2017 schaffte er, was ihm niemand zugetraut hatte, den Wahlsieg über Frau Kraft und wurde Ministerpräsident, gewählt von CDU und FDP. Man muss hier über die Gründe für die Wahl-Niederlage der SPD-Regierungschefin nicht mehr räsonnieren, das ist Geschichte, Hannelore Kraft sitzt noch im Landtag und wird bei der nächsten Wahl nicht mehr kandidieren. Ob Armin Laschet dann nochmal in NRW antritt oder vorher als Kanzler-Kandidat von CDU und CSU in Rennen geht, bleibt abzuwarten. Man darf es vermuten, wenn alles in seinem Sinne läuft.
Einer wie Friedrich Merz würde als CDU-Chef wohl nur einige Monate stille halten. Mit ihm könnten die Zeiten für Merkel im Kanzleramt unruhig werden, er könnte versucht sein, die Amtszeit der einstigen Kontrahentin zu verkürzen, um selber nach der Macht zu greifen. Wie gesagt, da hat die CDU zu entscheiden, da hat aber auch die CSU ein Wörtchen mitzureden. Kanzlerkandidat will der bayerische Ministerpräsident Markus Söder wohl selber nicht werden, er ist ja erst zwei Jahre Regierungschef in München, aber dass der CSU-Chef auf sein Mitbestimmungsrecht pochen wird, ist gewiss.
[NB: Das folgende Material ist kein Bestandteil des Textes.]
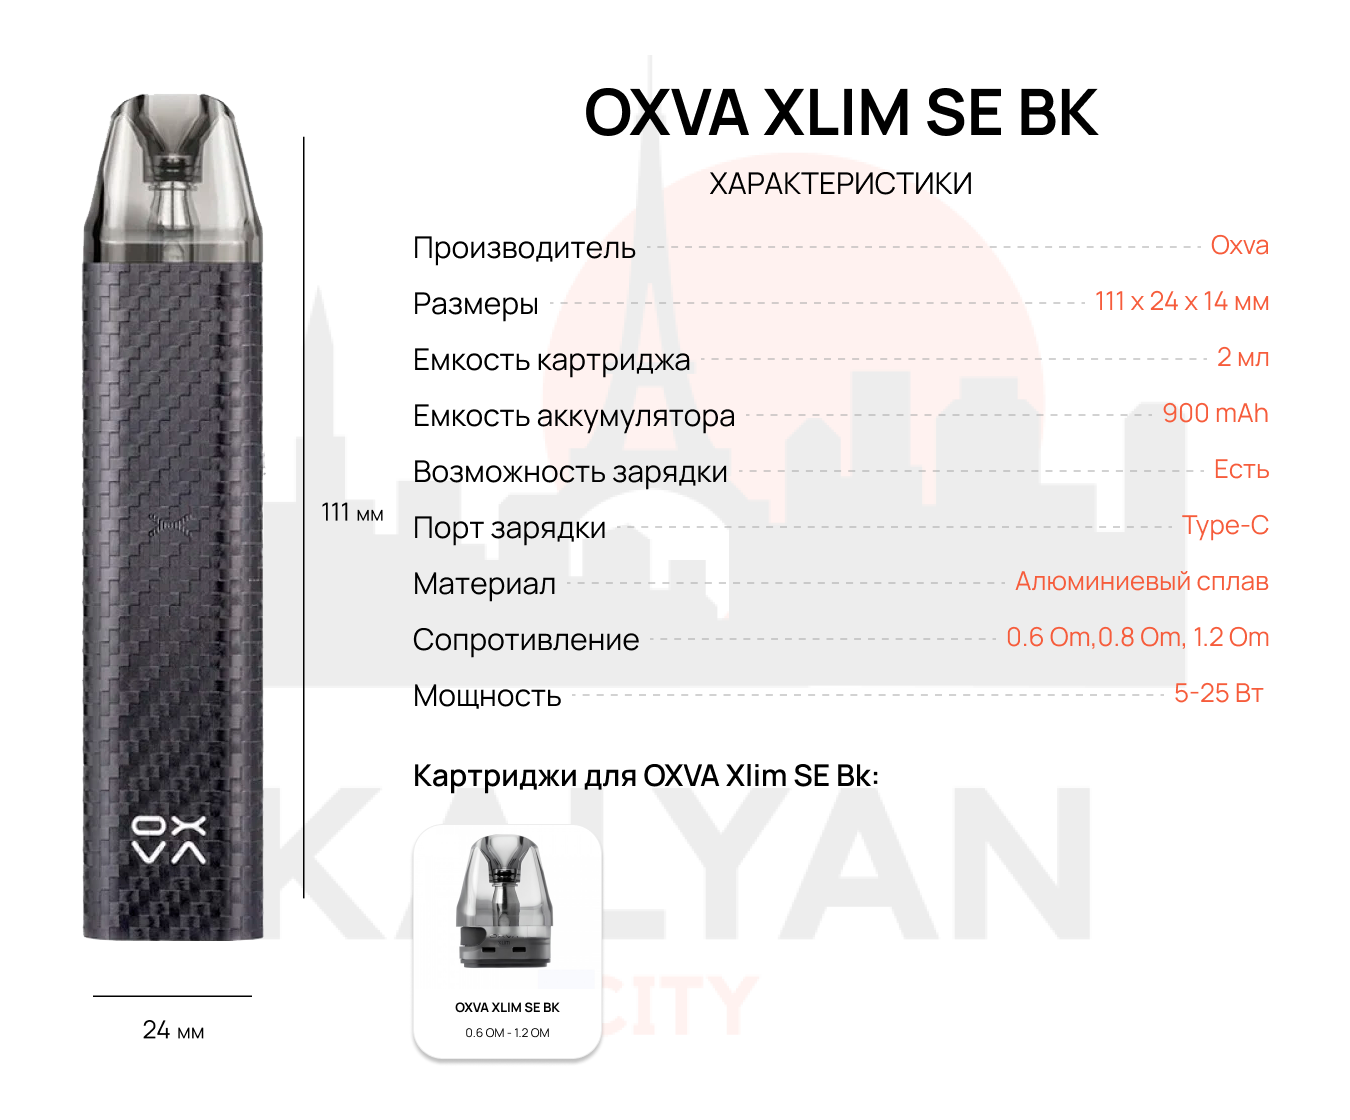 OXVA Xlim SE Bk Характеристики

Als Röttgen in der Sackgasse war
Dann wäre da noch Norbert Röttgen, über den wir an dieser Stelle erst kürzlich berichtet hatten. Auch er ist wie Merz nicht unbedingt ein Freund der Kanzlerin, sondern wird sich eher als ein Geschädigter Merkels sehen. Sie hat ihn damals als Umweltminister vom Feld genommen, als er die Wahl in NRW vergeigte, die Sache mit der Kandidatur und der Rückfahrkarte ist bekannt und erzählt. Er machte kürzlich keine gute Figur, als er bei Anne Will über Thüringen und den Unvereinbarkeitsbeschluss der CDU was die Linke angeht redete und redete und wohl nicht merkte, dass er sich in einer Sackgasse befand. Röttgen ist eigentlich ein guter Diskutant, der überlegt formuliert. Aber dass die CDU auch über 30 Jahre nach dem Fall der Mauer und 30 Jahre nach dem Ende der DDR immer noch Schluckbeschwerden bekommt, wenn sie über den längst toten Kommunismus diskutiert, dies konnte auch der ansonsten beredte CDU-Außenpolitiker Röttgen auch nicht überzeugend erklären. Dazu dann noch die Sache mit Putin, mit dem man nicht Freund sein muss, mit dem man aber Politik betreiben muss, will man was gestalten. Ohne Russland wird es nicht gehen, wird es keine Lösung in Syrien geben. Was wäre erreichbar gewesen, wären die Politiker im Westen von ihrem hohen Ross des Siegers auf den Verlierer in Moskau zugegangen und hätten ihm die Hand gereicht. Letzteres ist nicht von mir, sondern stammt aus dem Mund des langjährigen deutschen Außenministers Hans-Dietrich Genscher.
Der Wettstreit werde der Partei guttun, hat Merz gesagt. Ob er selber vornehm mit Samthandschuhen arbeitet oder eher im Stile eines Verlierers um sich keilt, gestern schien sich eher die zweite Variante anzubahnen. Schaun wir mal, wie die Stimmung nach dem Sonderparteitag der CDU ist, wenn Sieger und Verlierer feststehen. Denn die wird es geben. So oder so. Die Krise der CDU wird dann nicht auf einen Schlag vorbei sein, zumal mit den Aufräumarbeiten innerhalb der Partei erst noch begonnen wird. Der neue Kopf bestimmt den Kurs. Fragt sich nur, ob alle mitmachen. Wie heißt es doch: die Steigerung von Feind ist der Parteifreund.